Thanks, guys. I'm using ready-mixed Sheetrock Lightweight Joint Compound from HomeDepot. What's durabond? 

I bought paper tape because Tom Silva from This Old House uses it. An article in last month's Family Handyman says to use mesh tape if you're not a pro. They say paper tape can be difficult to apply. They also said that if you push too hard, you can squeeze out the joint compound and the tape will bubble and peel later. They also said the pros use paper because it provides a stronger joint. 

Thanks again,
Rick


----------



## Nhrafan

Anyone see this stuff before? 
I was wondering how it would work?

http://www.eztapingsystem.com/


----------



## AtlanticWBConst.

Nhrafan said:


> Anyone see this stuff before?
> I was wondering how it would work?
> 
> http://www.eztapingsystem.com/


 
Nhrafan,

That product has been on the market for at least 3 -4 years.

FWIW - The red ez tape is for firewall seam application.
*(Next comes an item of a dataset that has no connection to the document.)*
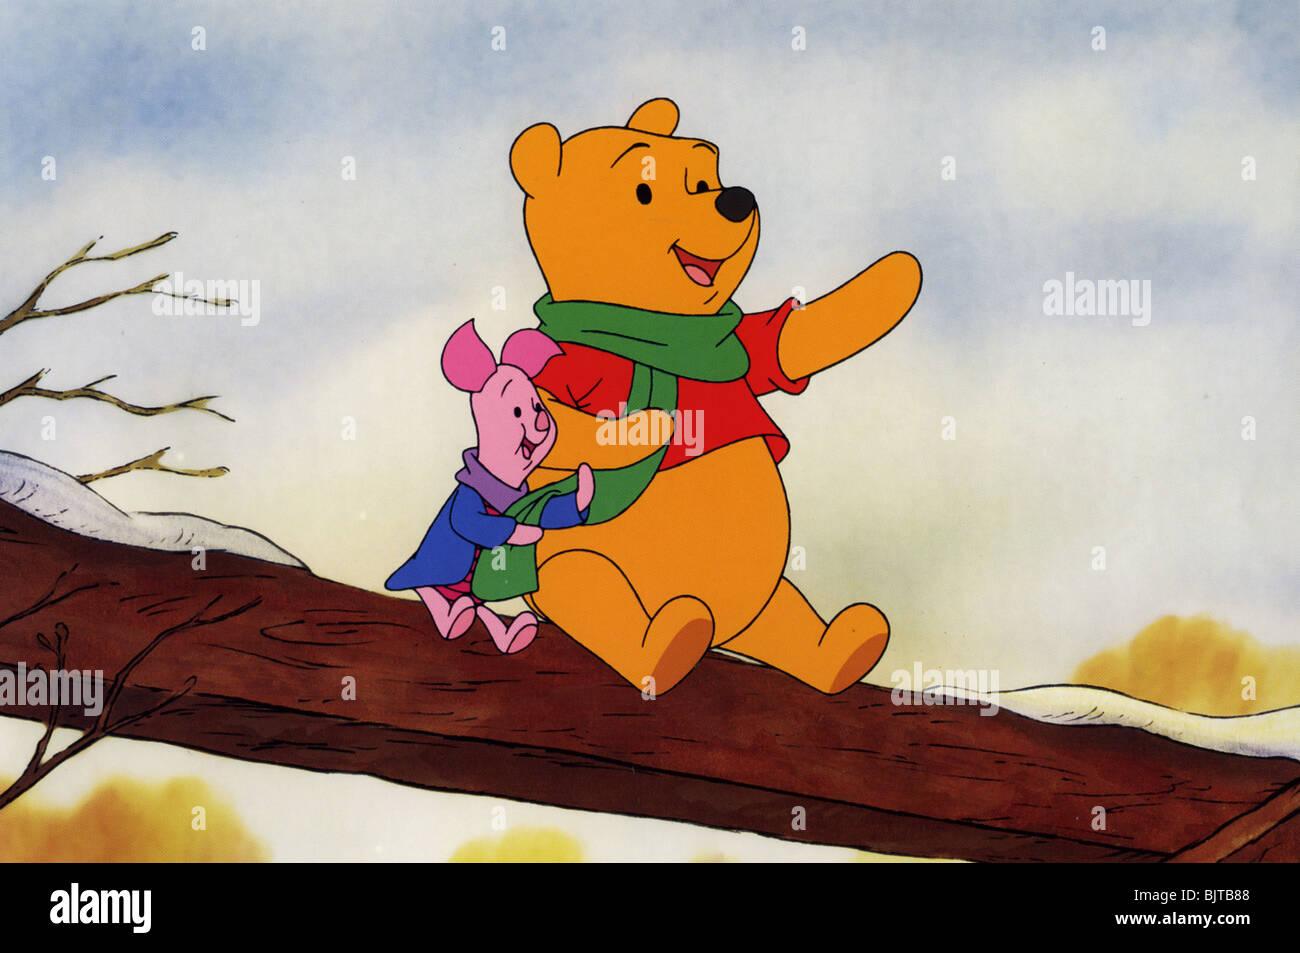 PIGLET'S BIG MOVIE - 2003 Buena Vista/Walt Disney cartoon - Stock Image

We just used it on an apartment complexe's draft walls - 2 weeks ago. We also used a spray adhesive with it. 
Why the spray adhesive? : The reason why is because we used this red firewall tape 3 years ago and it 'fell' off the firewall seams. However, since then, they re-formulated their adhesives a bit, but it still was not sticking completely, and would not overlap another piece of the tape.

The other system for finished drywall - I watched the video - I didn't see any advantages in using it. It takes almost as much time to put on and coat as paper tape. 
Realize that NO kind of tape will adhere well to a dusty surface. Unfortunately, sheetrock surfaces are usually quite dusty with sheetrock dust, after it is installed.
Using compound and paper tape = Will stick to even dusty sheetrock surfaces.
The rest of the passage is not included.